Start of Data for this exercise

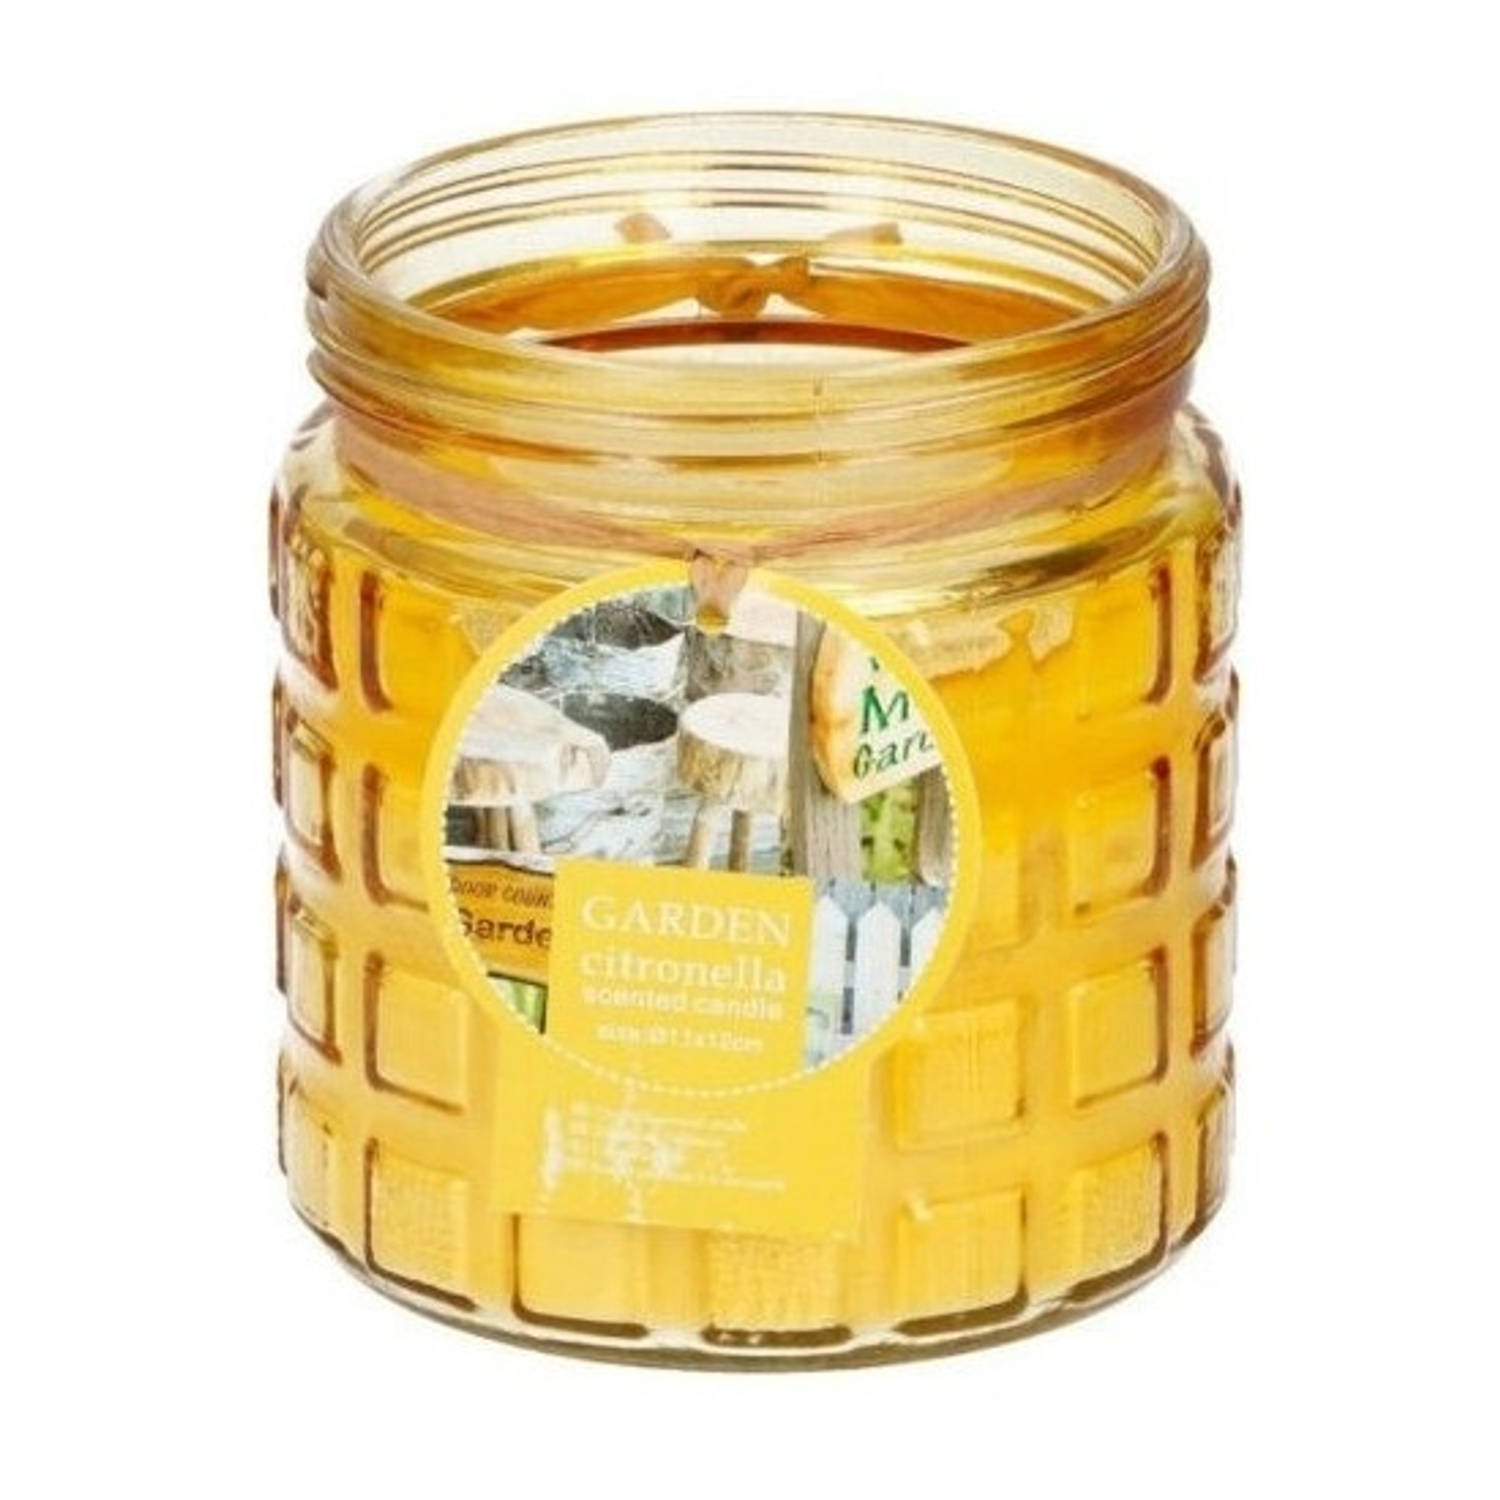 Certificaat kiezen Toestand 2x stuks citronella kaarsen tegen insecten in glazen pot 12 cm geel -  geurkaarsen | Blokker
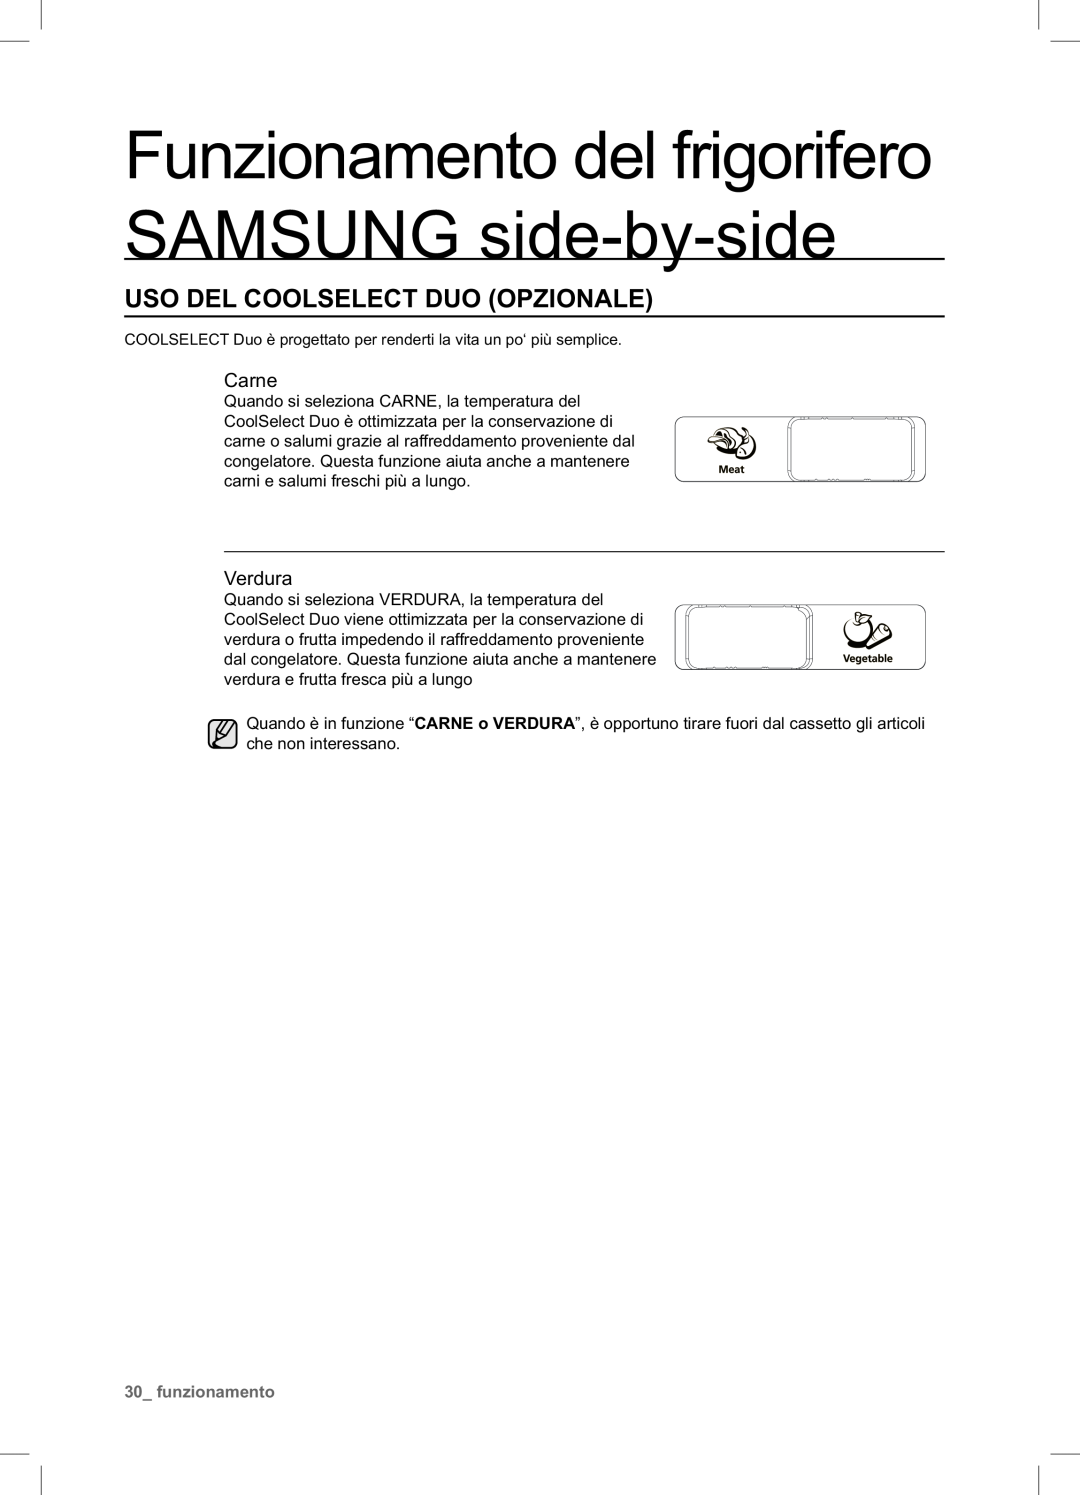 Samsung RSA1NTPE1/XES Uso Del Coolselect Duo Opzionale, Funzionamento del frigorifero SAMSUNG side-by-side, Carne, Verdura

End of Data for this exercise
Start of Data for this exercise

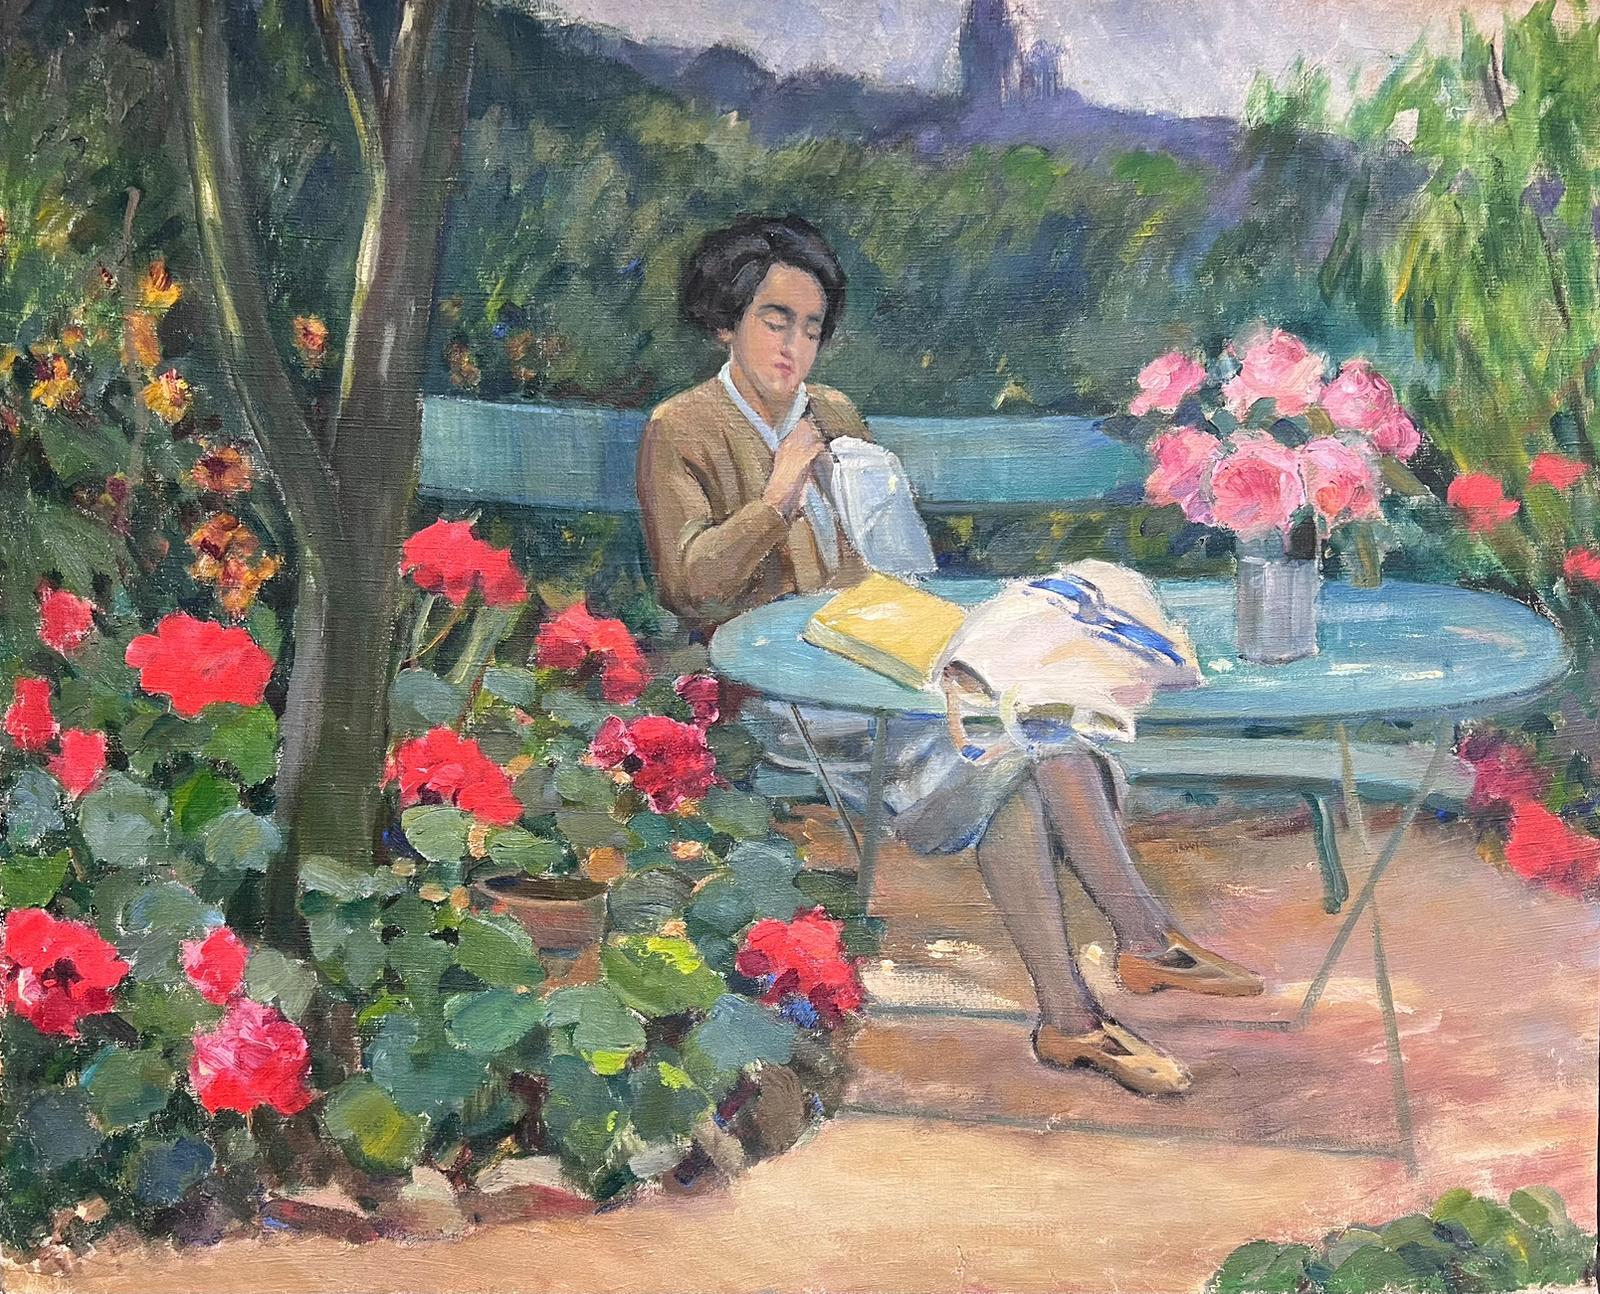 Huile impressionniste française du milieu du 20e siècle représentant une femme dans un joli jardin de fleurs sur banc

End of Data for this exercise

> [Goal of the exercise]: Exactly as written above, retype the lines starting at the one holding "Certificaat kiezen Toestand" and ending at the one holding "Samsung RSA1NTPE1/XES Uso", both included, but not the pictures.

> [Answer to the problem]:
 Certificaat kiezen Toestand 2x stuks citronella kaarsen tegen insecten in glazen pot 12 cm geel -  geurkaarsen | Blokker
 Samsung RSA1NTPE1/XES Uso Del Coolselect Duo Opzionale, Funzionamento del frigorifero SAMSUNG side-by-side, Carne, Verdura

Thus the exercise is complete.